While implementing a weight loss intervention solely for men positively contributes to the current literature, there are limitations to our recruitment strategy that could be addressed in future studies. To begin, newspaper advertisements qualify as a passive recruitment strategy and were the most successful Gutbusters recruitment technique. However, there are a variety of other active recruitment strategies (besides the workplace recruitment model used) that have the potential to be highly effective. Because we know that men are often motivated to lose weight after a poor health diagnosis or other illness, recruiting through a primary care physician’s office could be advantageous, and has been utilized in other studies (Thomas, Leahey, & Wing, 2015). Additionally, offering a recruitment referral “incentive” has been utilized at a number of Universities and could be a way to entice men to encourage and refer other men to participate in upcoming interventions. Finally, the examination of the role of spouses/partners in male weight loss could be a promising future direction. When advertisements for weight loss programs are placed in environments accessible to both men and women, such as the newspaper (versus a bulletin board at work), who is initiating participation in these programs: the overweight man, or their romantic partner?

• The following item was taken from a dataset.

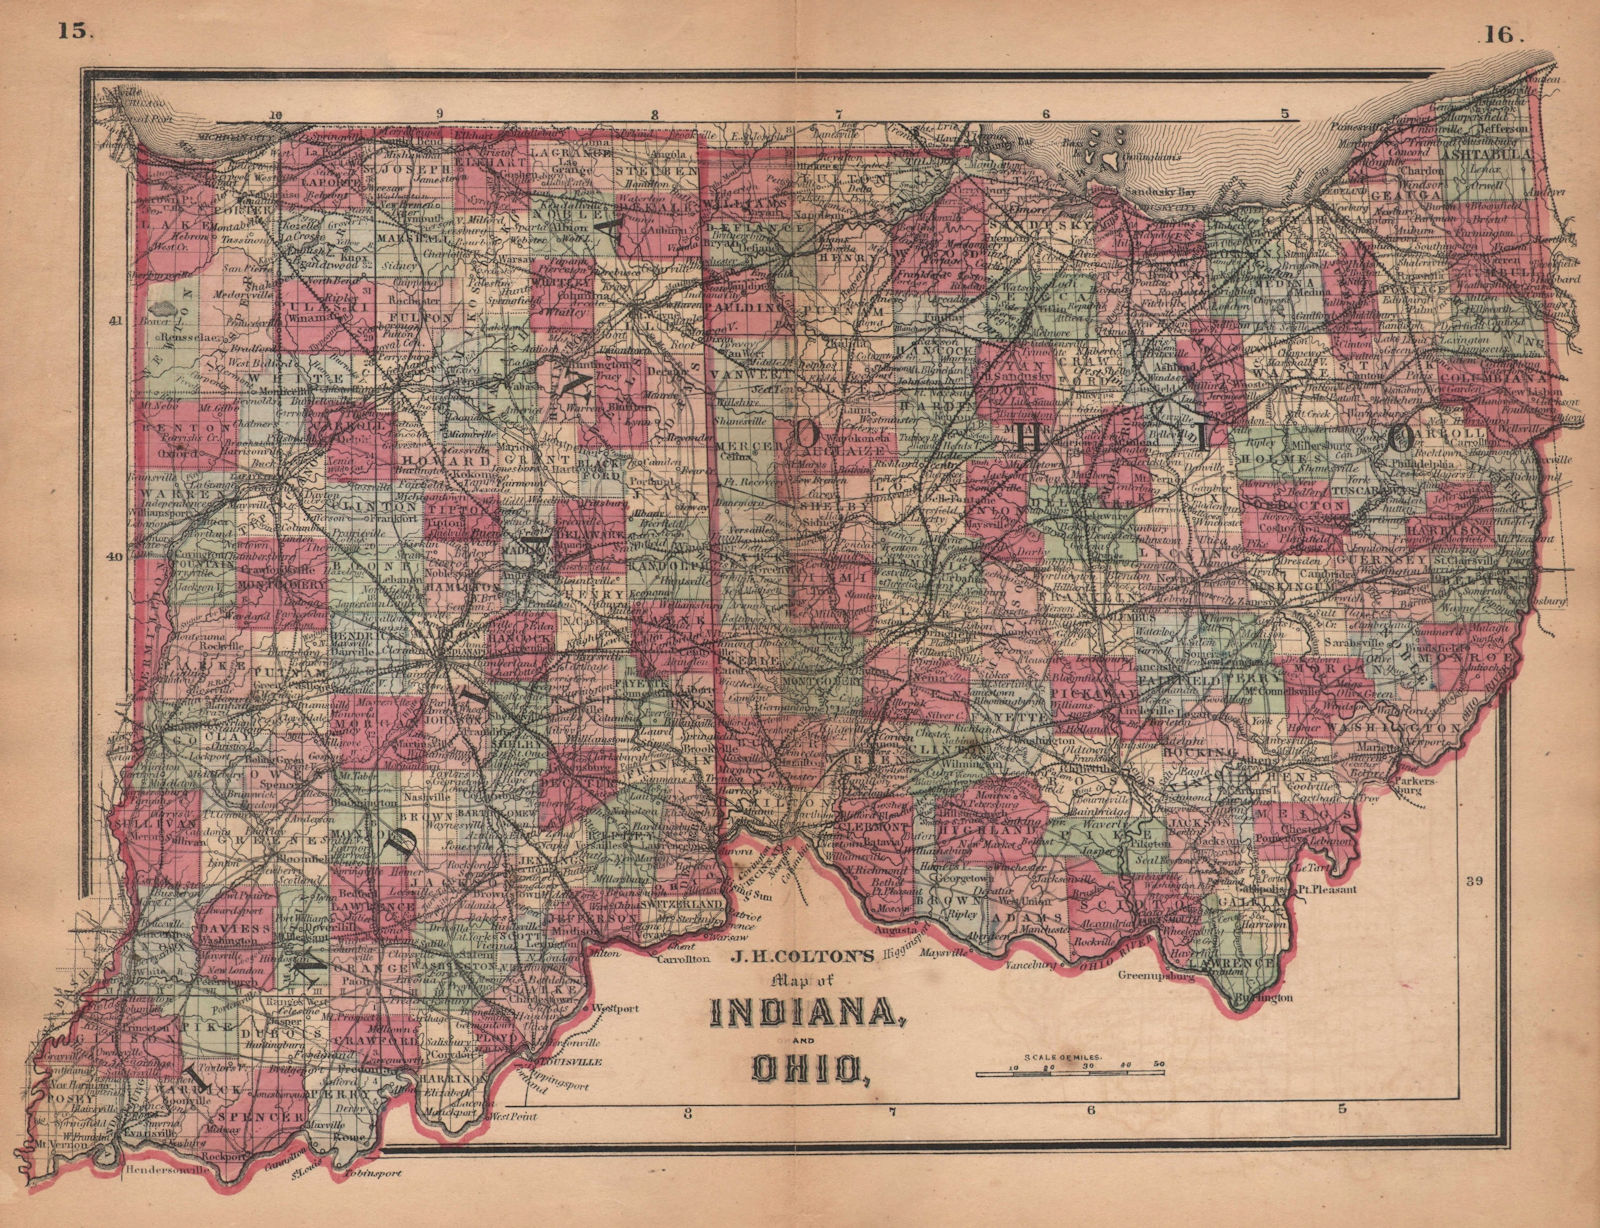 Associate Product J. H. Colton's map of Indiana and Ohio 1864 old antique vintage plan chart
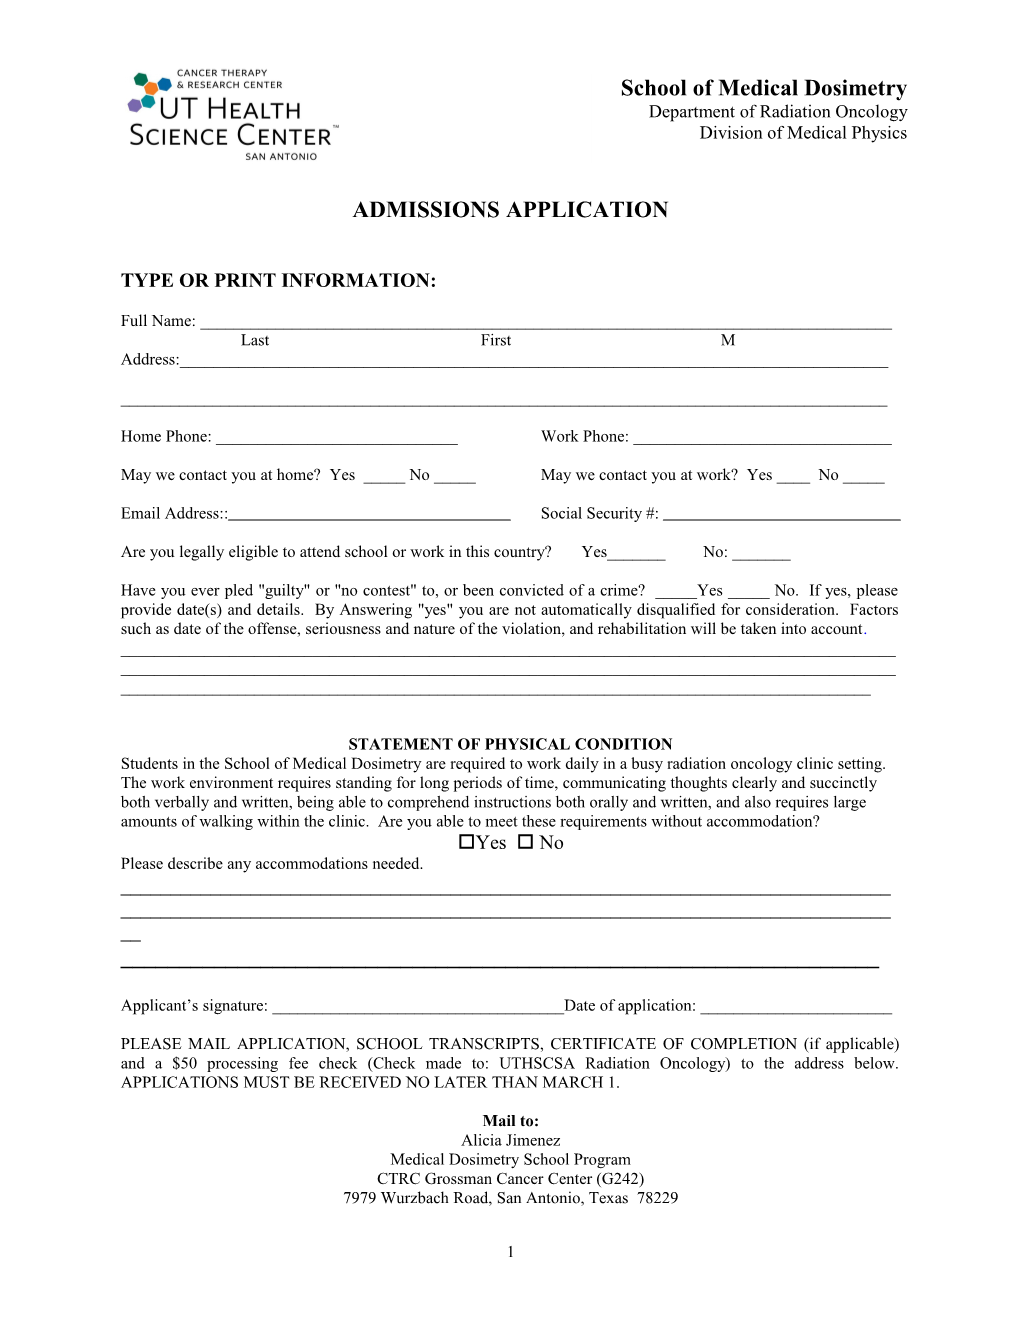 Admissions Application For

In the end, we were able to successfully recruit 102 men to a weight loss intervention, indicating that there are indeed men interested in losing weight. Our recent experience suggests that the recruitment strategy, rather than male interest in weight loss itself, may be the foremost challenge when it comes to enrolling men in a weight loss clinical trial.

Footnotes

Declaration of Conflicting Interests: The author(s) declared no potential conflicts of interest with respect to the research, authorship, and/or publication of this article.

Funding: The author(s) disclosed receipt of the following financial support for the research, authorship, and/or publication of this article: The study was supported by USDA Hatch Act Funds VT-H02112 awarded to Dr. Harvey.